= Helen S. Hawkins =

Helen S. Hawkins (April 3, 1930 – August 10, 1989) is best known as a feminist and a producer and host for KPBS.

Hawkins co-founded and was the first president of the San Diego chapter of the National Organization for Women (NOW). Later, she would be awarded the NOW Susan B. Anthony award for her “courage and compassion and work for women’s rights.”

Along this same vein of work, Hawkins served on the Commission for Affirmative Action and Women’s Rights. She also aided in the creation of Dimensions, a women’s networking group.

After raising a family, Hawkins returned to school and received her doctorate in history at the University of California, San Diego in 1975. After graduating, she became the publications director for the Institute on Global Conflict and Cooperation at the University of California, San Diego.

In the late 1970s, Hawkins went to work at KPBS television as Executive Director of humanities programming.
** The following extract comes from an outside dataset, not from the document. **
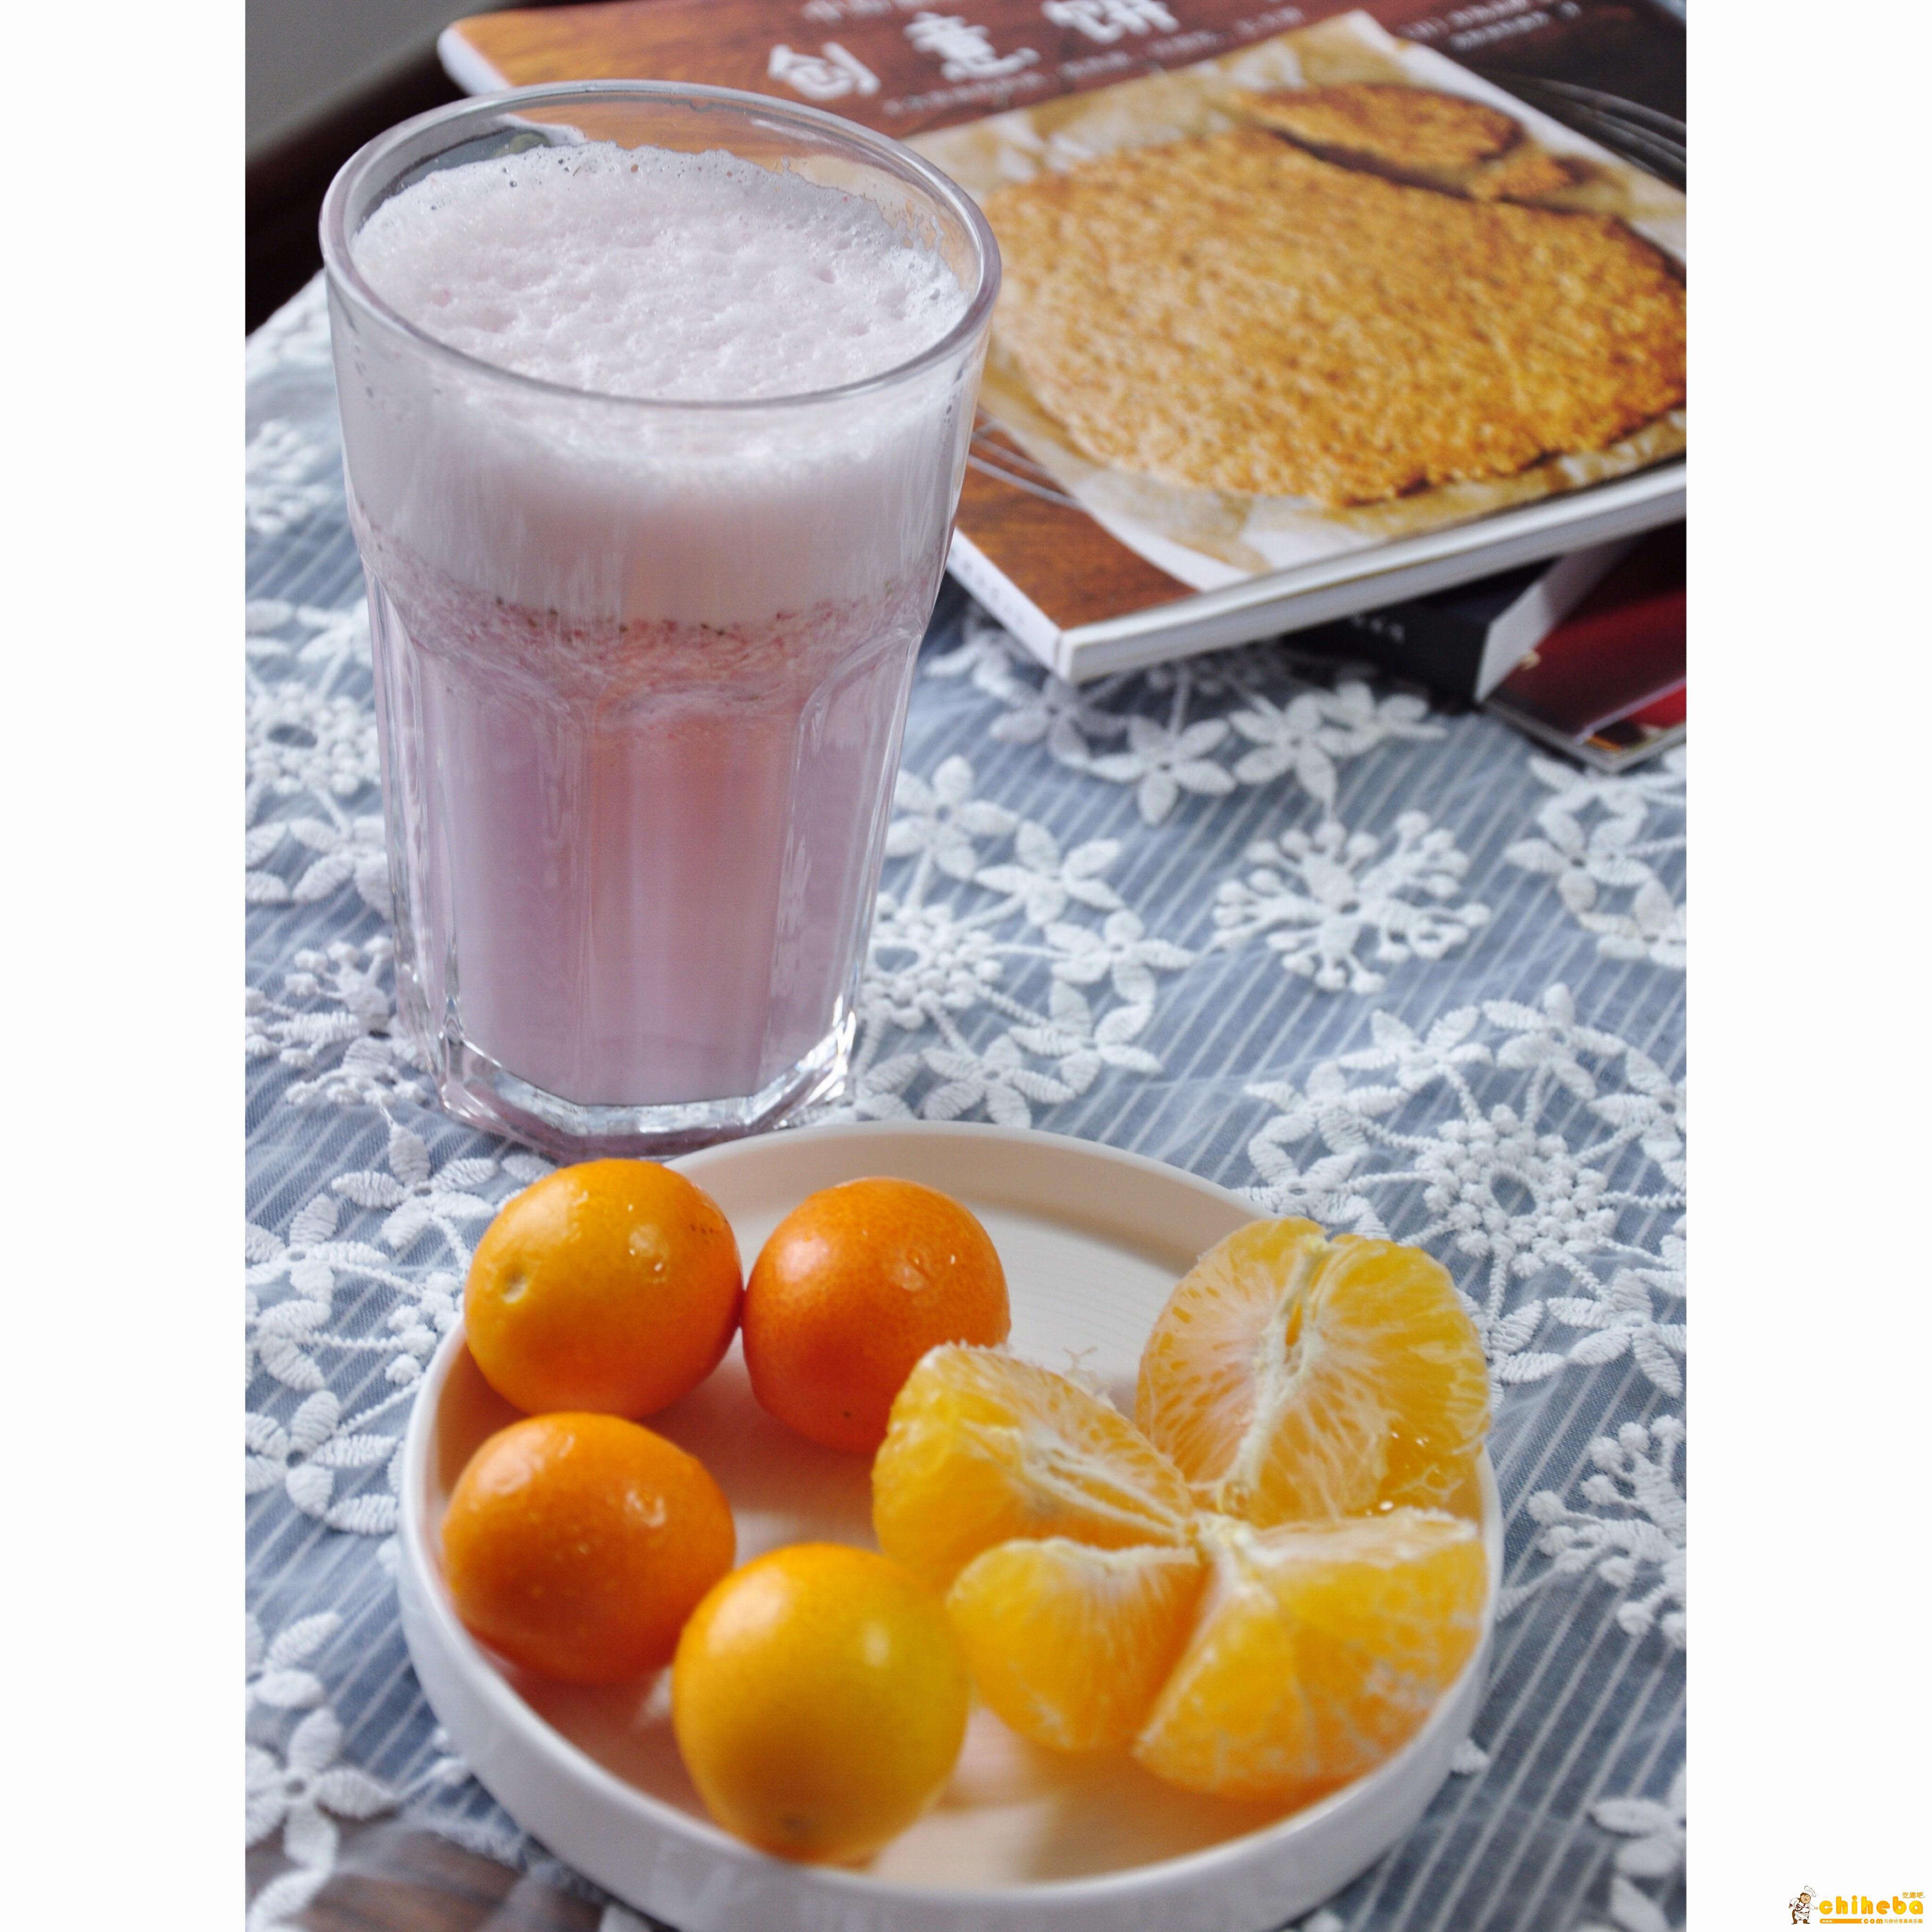 藤井香江的健康减肥果蔬汁的做法 步骤4

She produced and appeared in over 100 programs. Many of these programs focused on women’s rights and issues. Her production “California Rights” earned her an Emmy and a Silver Gavel Award from the American Bar Association.

Hawkins died in 1989 from a rare form of cancer. The Helen Hawkins Memorial Fund was created by the San Diego Independent Scholars Board of Directors after her death. In 2005, Hawkins was inducted into the San Diego County Women’s Hall of Fame.